The Queensland mango season is about to start, so it's time to think about how you can make them a feature of your summer menu. There are lots of different varieties to choose from - my preference is the more acidic varieties because I like to use them in savoury dishes. The Kensington Pride (aka Bowen) mango remains the most poular breed among Australian consumers. The Calypso (pictured) a breed developed in Queensland is a cross between the Kensington Pride and a Florida Red Blush variety that gives it a distinctive red/pink blush. It has a smaller seed and firm, sweet fibreless flesh which makes it excellent for salads and cooking. Other varieties include the Honey Gold - very sweet and good in smoothies or with ice cream; the R2E2; Keitt and the Kent. 67% of Australia's mangoes are grown in North Queensland and the season runs from late November to March.

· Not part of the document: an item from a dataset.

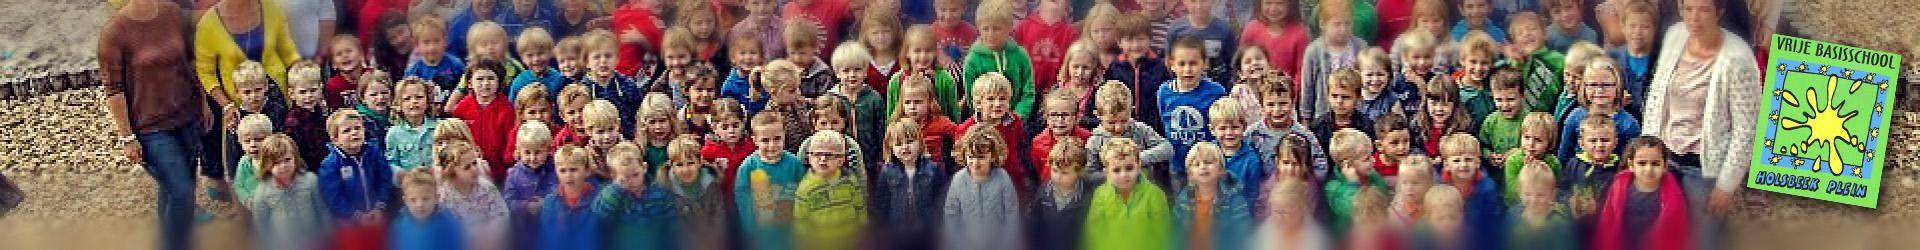 Vrije Basisschool Holsbeek Plein
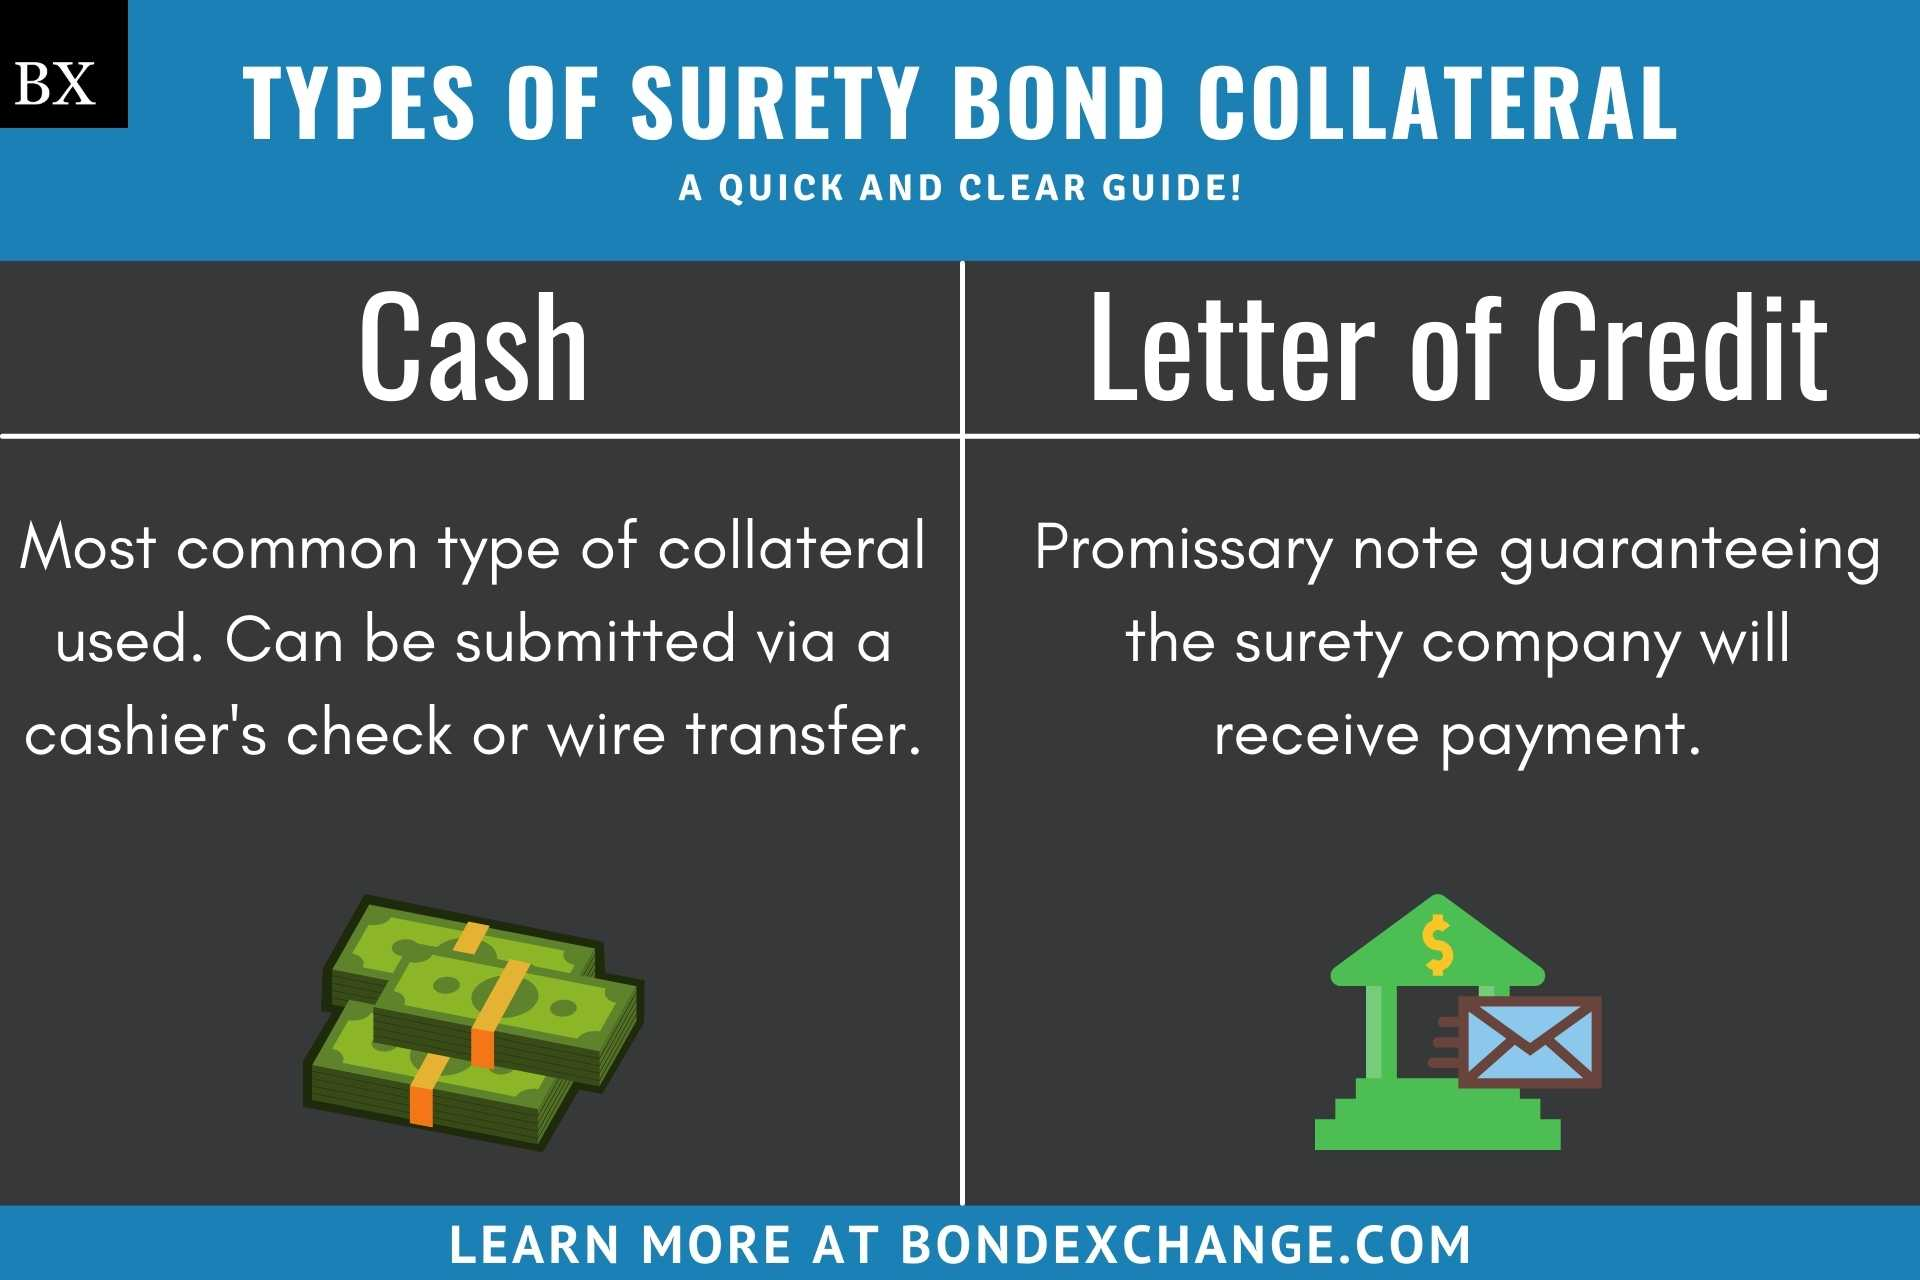 Surety Bond Collateral

Choosing a good mango is relatively simple. You use your nose. You can usually tell the perfectly ripe mango by how it smells. Give it a good sniff - the aroma should be strong but sweet. After choosing a ripe mango, store it in the refrigerator and eat it within three days.
Macadamia nut parfait with caramelized mango
Serves 6
Ingredients
100g roasted macadamia nuts
100g roasted macadamia nuts
1 vanilla pod
175 ml milk
2 egg yolks
50g caster sugar
1 dessertspoon honey
200ml whipped cream
2 whipped egg whites
2 Honey Gold mangoes cut into slices
4 dessertspoons castor sugar
Method
Split vanilla bean and heat with milk.
Cream egg yolks and sugar and then slowly add vanilla milk.
Heat in a heavy based pot on low until mix lightly coats the back of a spoon.
Remove from heat and cool.
Remove vanilla bean.
When cool, add whipped cream, honey, egg whites and 75g of macadamia nuts. Fold lightly.
Pour into 6 moulds, cover and place in freezer overnight.
To unmould, run around edge with a pairing knife or dip quickly into boiling water.
Turn out onto plates.
Sprinkle sliced mango with castor sugar and place under a hot grill until caramelized.
Allow to cool and place next to each parfait.
Garnish with macadamia nuts.
mangoes are amazing this season! used in an easy salad with avocado, crispy bacon and toasted almonds - the perfect accompaniment to a summer bbq.